Canadian by birth; brought up in Belgium; gets a Greek passport and then, “the Greek passport decided where I

ended up: in Scotland”. But, of course. Not Greece?

Forgive me if I question where he is at, as we used to say. What he seems to fail to understand is that, as an outsider, he can always go home to Canada if we regain sovereignt­y. For those of us who are natives, born and bred, there is nowhere else to go.
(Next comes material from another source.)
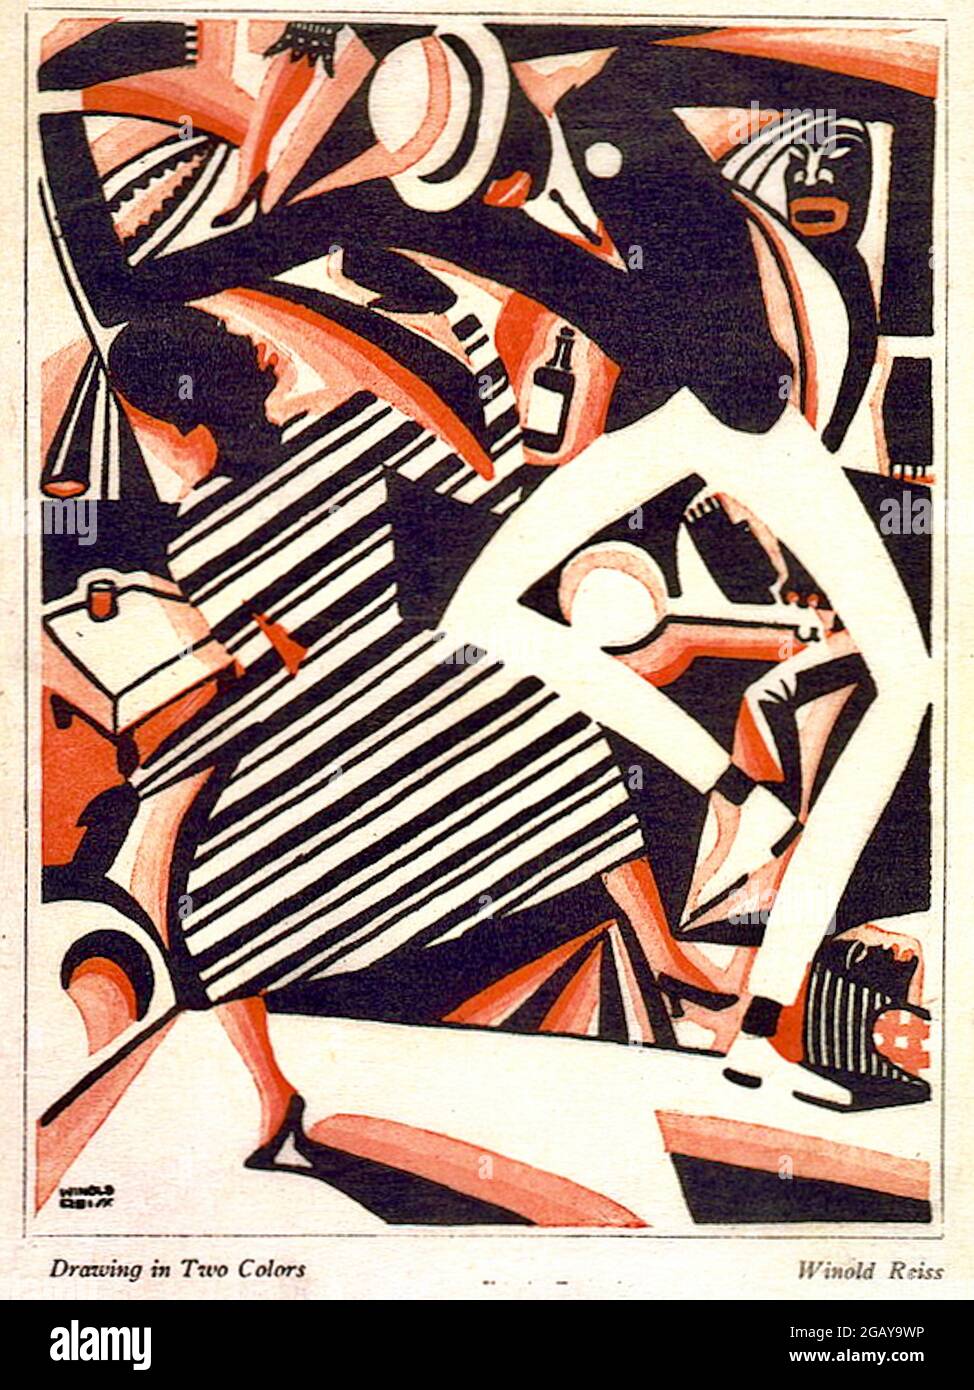 Winold Reiss - dessin en deux couleurs -1915 - dessin en deux couleurs - Harlem Jazz - Art déco Banque D'Images

When, without our say-so, the EEC transmogri­fied into a multinatio­nal bloc which had ambitions to become a new country, many of us were appalled. When we (and I include myself in that) voted for entry to the EEC in the 1970s, we were given cast-iron assurances that this would not affect our sovereignt­y. It was a trading bloc, pure and simple. Fools that we were, we believed them.

We were not to know, as one of those who tricked us into agreeing to join said, that by the time we discovered how we had been lied to, it would be too late to do anything. Wrong.

The Government will have a perfect right to decide who stays in the UK if and when (a very big if, as the Remainers are back to their old tricks in Parliament) we leave the EU. The fact is that Mr Gourtsoyan­nis was a Canadian. One of my uncles settled in Canada, where he had a vote when he emigrated in the 1940s, because he was a British subject, as were Canadians.

He was very cross when he had to become a Canadian citizen to stay on there many years later. As a sovereign nation, it was Canada’s right to demand that.

Bearing that in mind, I would have thought Mr Gourtsoyan­nis would understand that sauce for the goose is also sauce for the gander, as they say in Newfoundla­nd.